▽

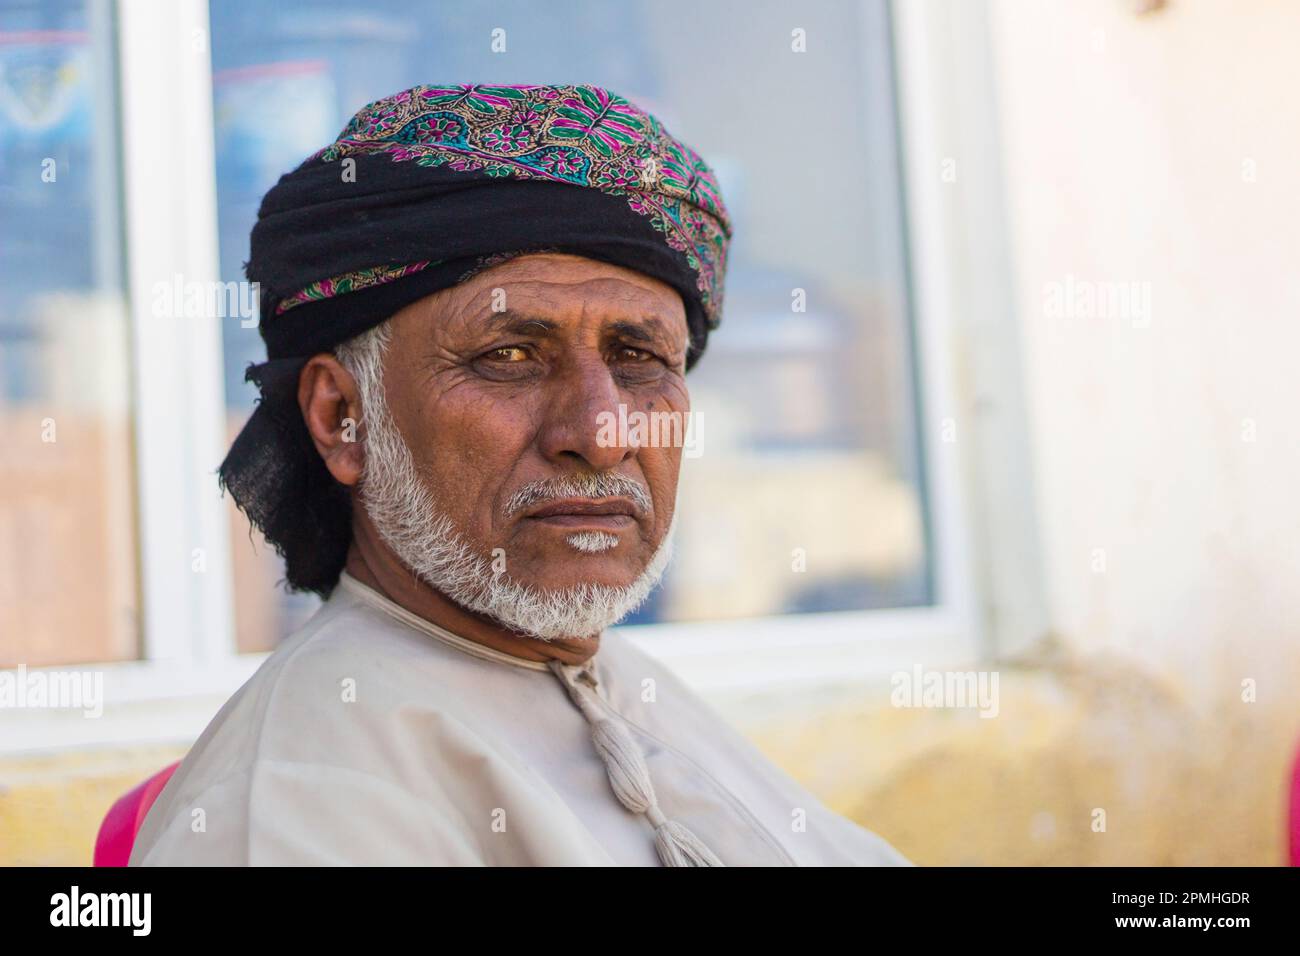 Porträt eines omanischen Mannes mit Kopfbedeckungen, die in die Kamera schauen, Hasik, Dhofar Governorate, Oman, Naher Osten Stockfoto
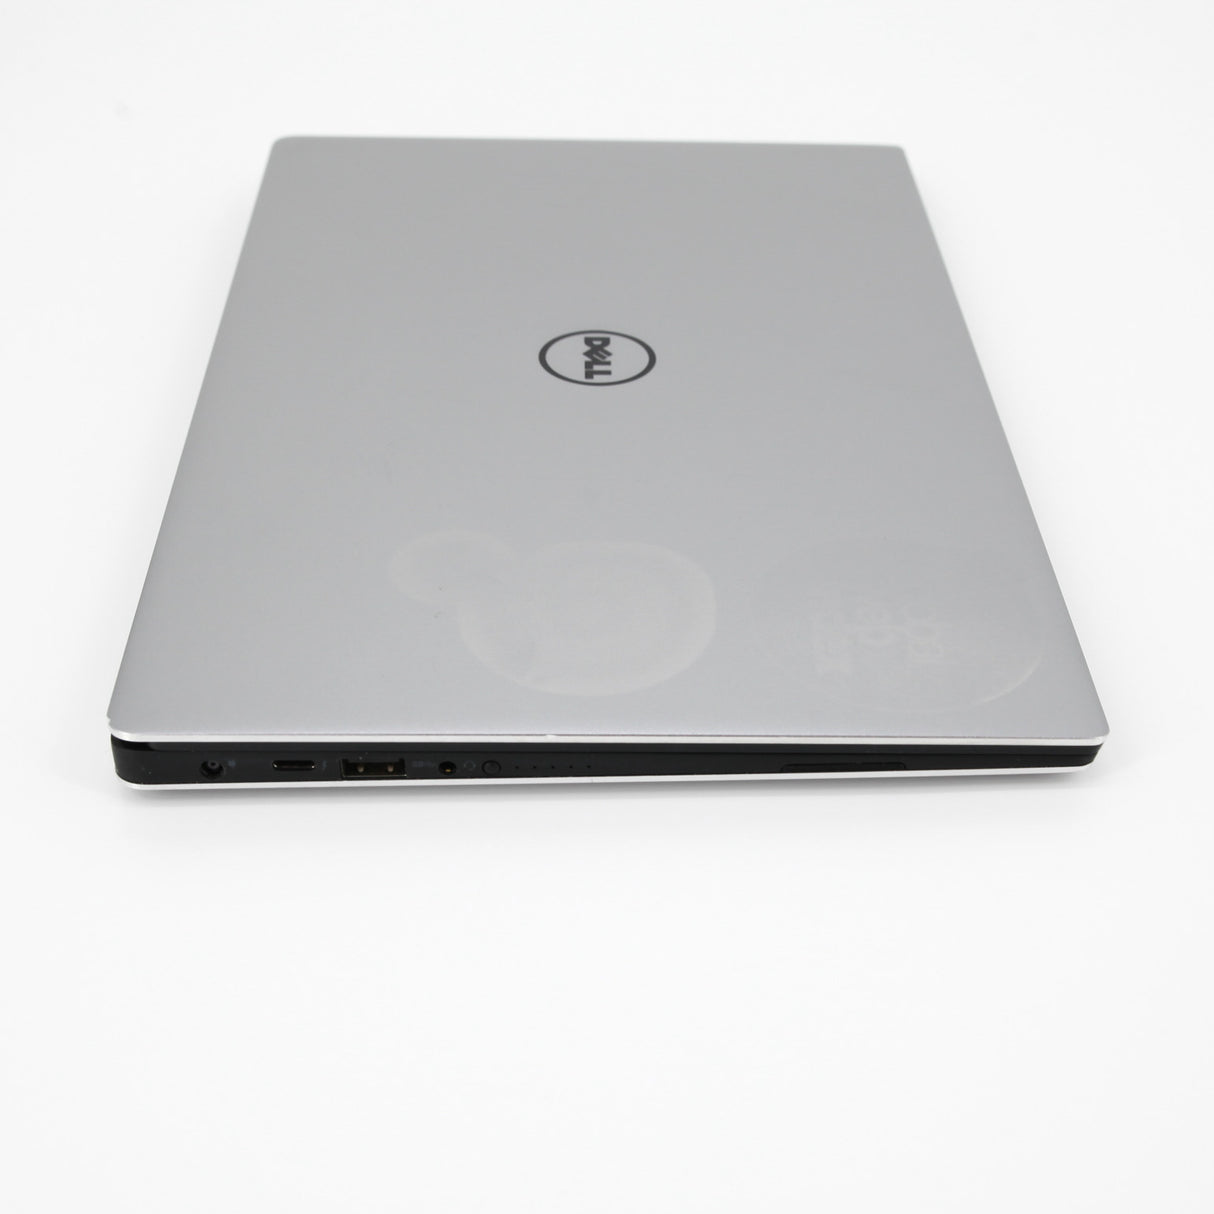 Dell XPS 13 9360 Touch Laptop: Core i5 7th Gen, 256GB SSD, 8GB RAM, Warranty VAT - GreenGreenStoreUK
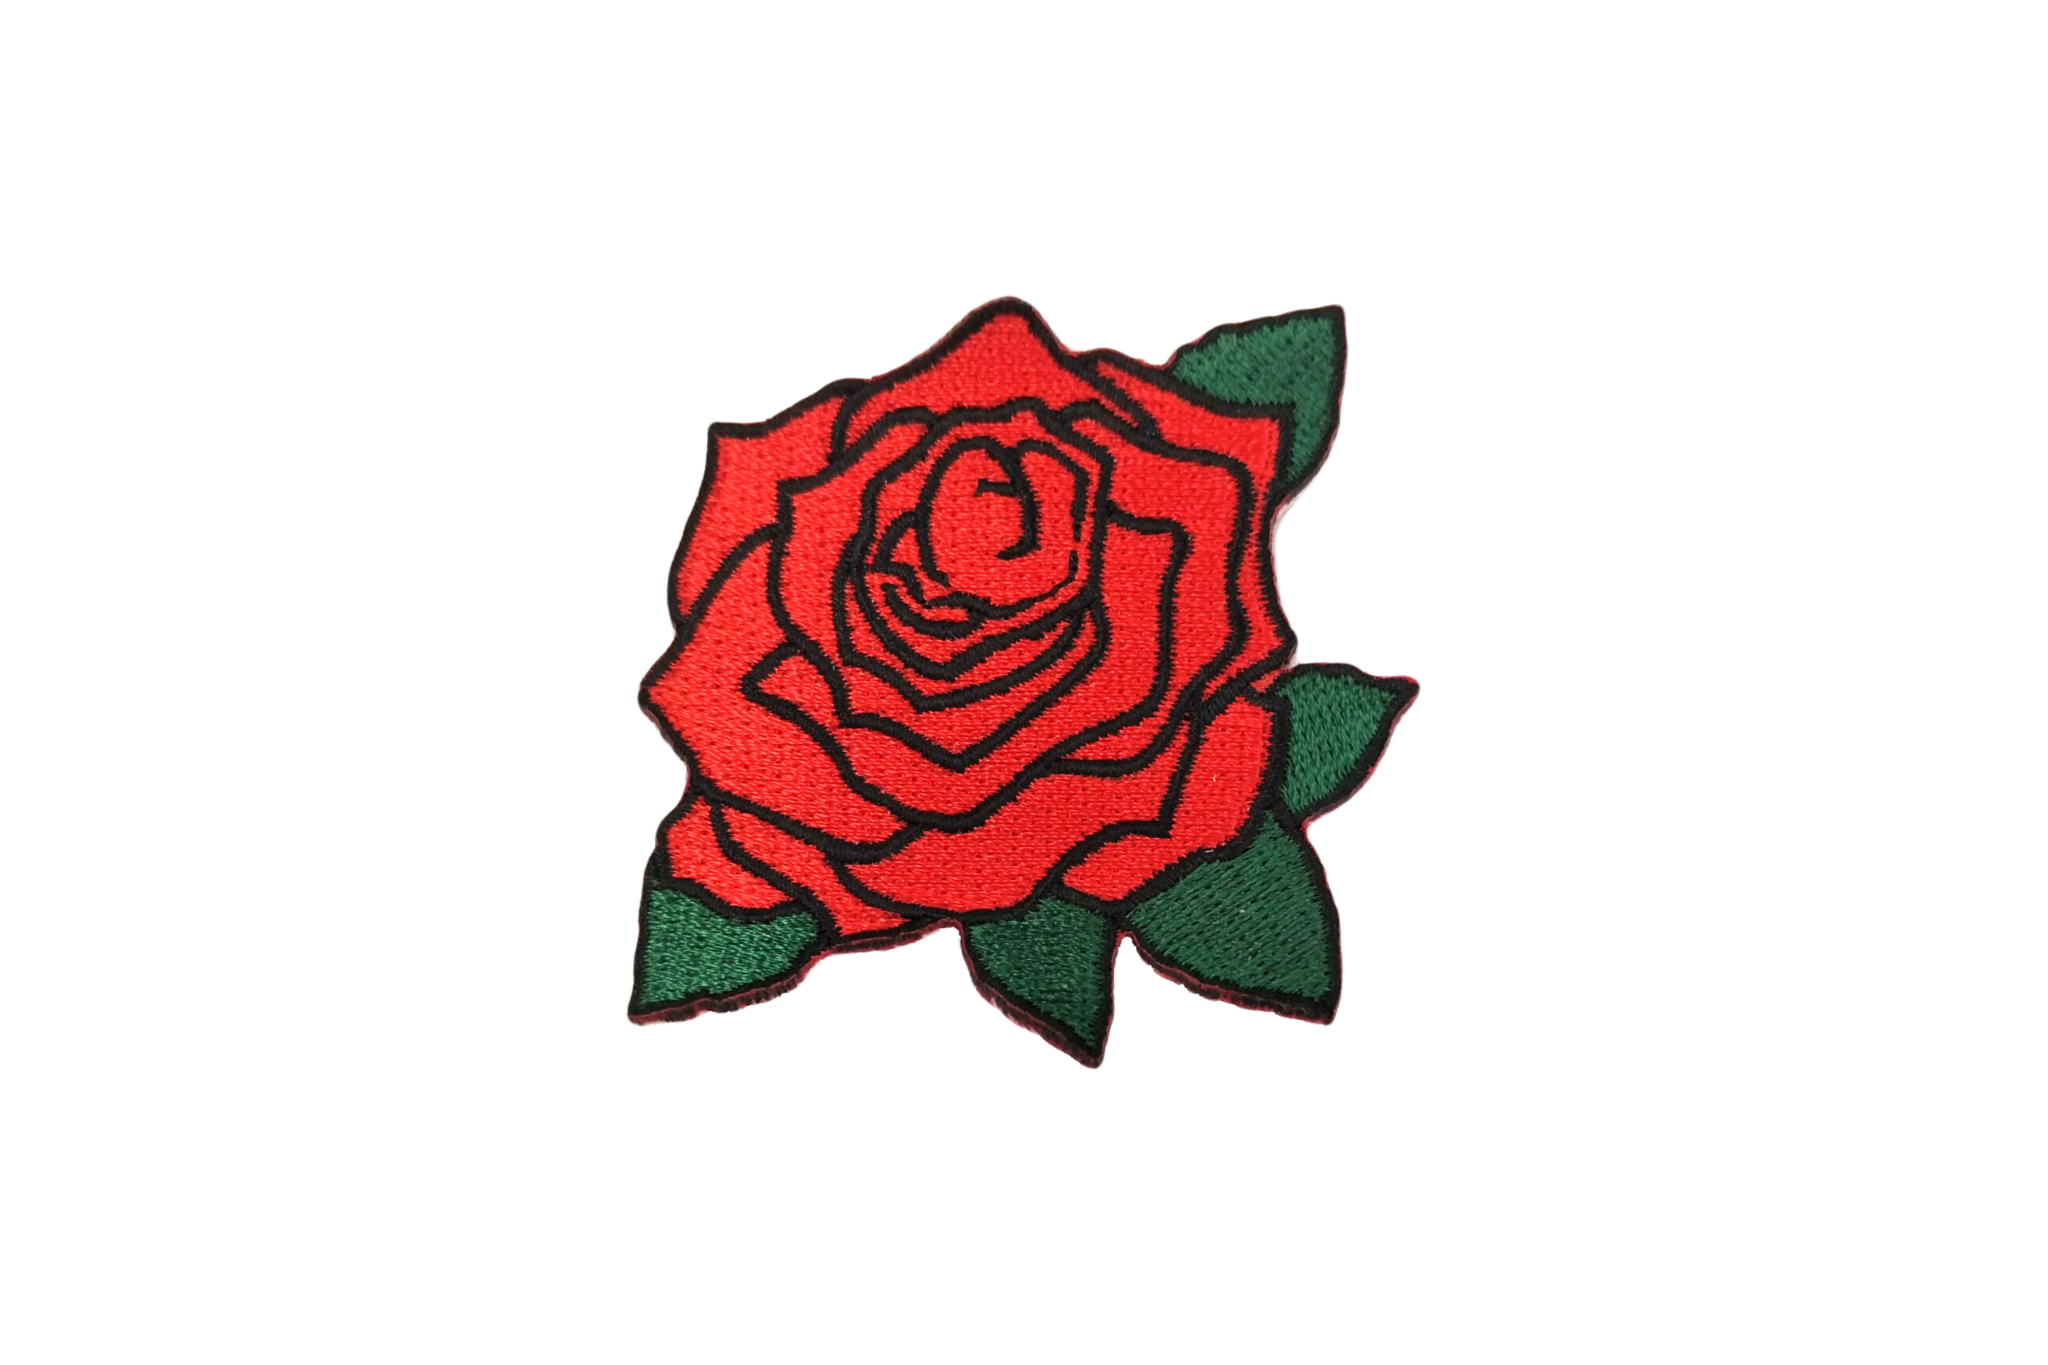  red  rose sticker  png  tumblr freetoedit

△

Please set down the data above exactly as given, leaving every picture out.

 Porträt eines omanischen Mannes mit Kopfbedeckungen, die in die Kamera schauen, Hasik, Dhofar Governorate, Oman, Naher Osten Stockfoto
 Dell XPS 13 9360 Touch Laptop: Core i5 7th Gen, 256GB SSD, 8GB RAM, Warranty VAT - GreenGreenStoreUK
  red  rose sticker  png  tumblr freetoedit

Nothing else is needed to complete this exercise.